In an attempt to mollify the increasing number of voters in favor of annexation, Clay tried to help himself by writing a series of letters to clarify his position. The more he wrote, the worse it got, and as he kept trying to stand on both sides of the Texas question the more his prevarications played into the hands of Democrats who used it to show that Clay’s ambition was out of control. As the campaign neared its conclusion, Clay wrote to the publisher of the Washington National Intelligencer on October 1, 1844. His letter reaffirmed his opposition to the annexation of Texas and complained that he was being misunderstood around the country and said that he would no long speak publicly on national issues until after the election.
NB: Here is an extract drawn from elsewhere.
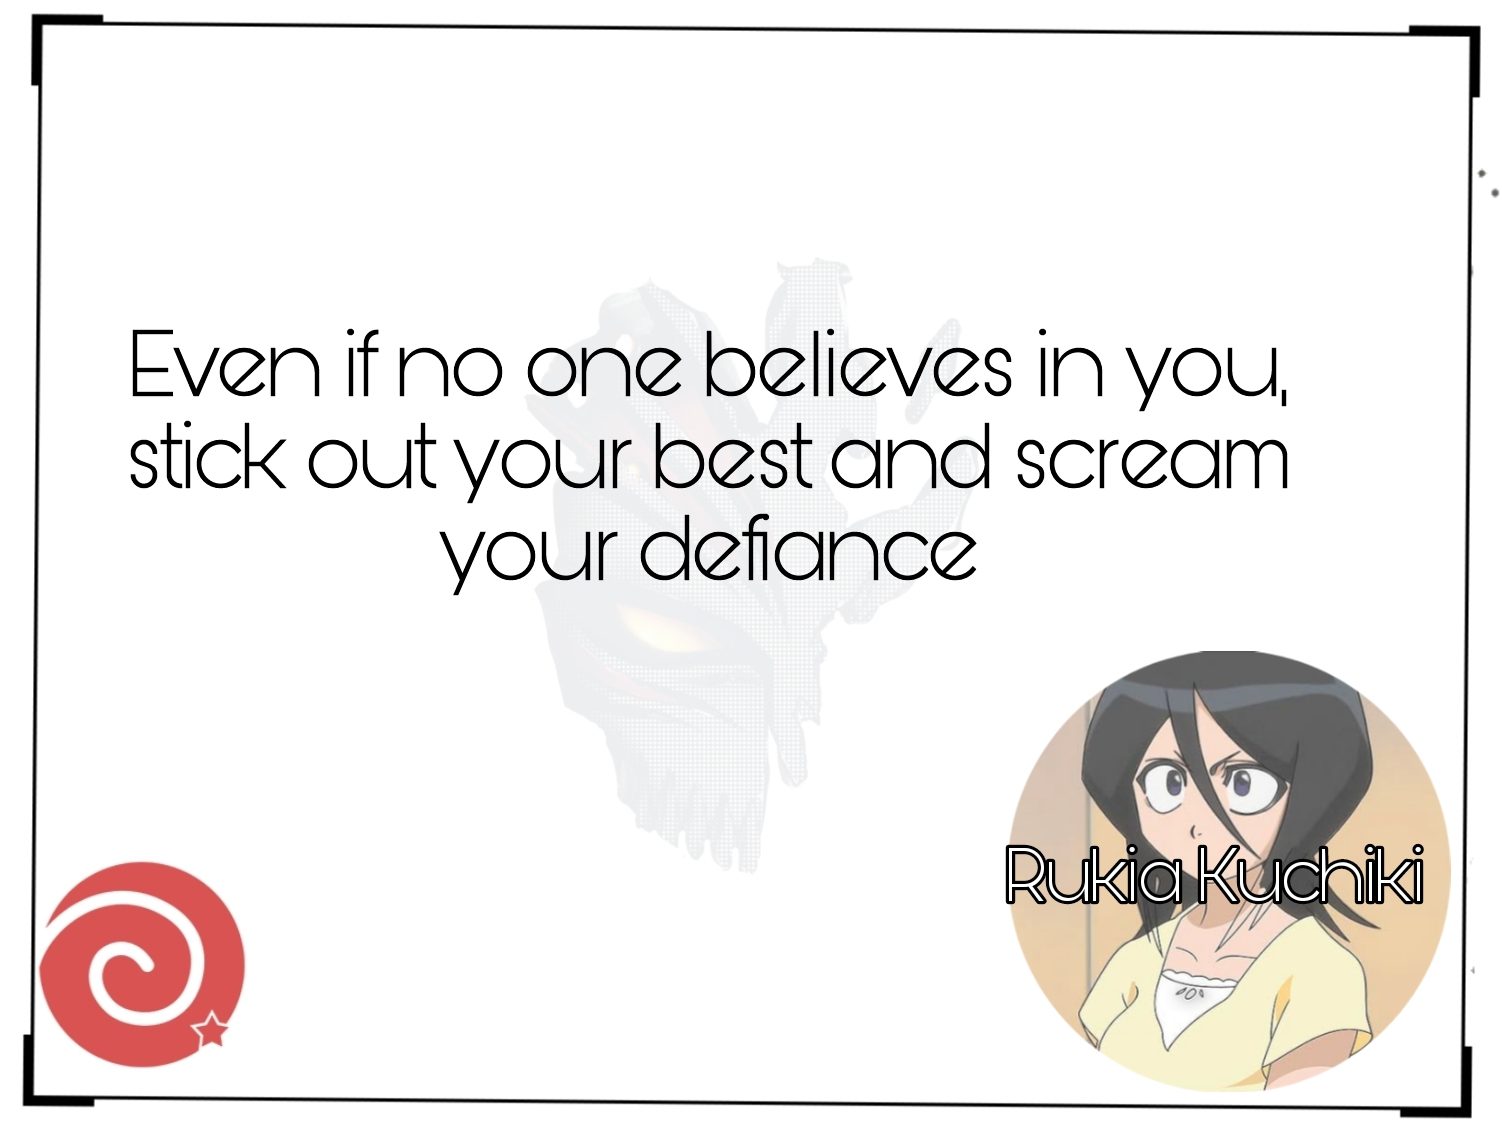 Quotes from Bleach

That left a month in which Clay fell (largely) mute while the Democrats relentlessly hammered him for his persistent shifts, supposed hypocrisies, and overabundant ambition for the presidency. Whigs tried to counter by using many of the tactics they had used effectively in 1840 to get Harrison elected, including putting on numerous events to entertain prospective voters and plastering Clay’s name on nearly anything that could be given away. They thought it clever to keep asking “Who is James K. Polk?” as a constant refrain to underscore his mediocrity and anonymity.126 But their candidate was effectively nowhere to be seen.
In the end, it was a close election: Neither Polk nor Clay received a majority of the popular vote, though Polk had a slightly higher plurality, but only 105 electoral votes went to Clay as opposed to 170 for Polk. Clay won eleven states, but Polk won fifteen, including Indiana and Illinois, the two states where Lincoln had campaigned for Clay. Yet the election was even closer than it appeared. Clay lost New York by only 5,100 votes, and a win there would have made the difference between Clay as president and Clay as a three-time loser.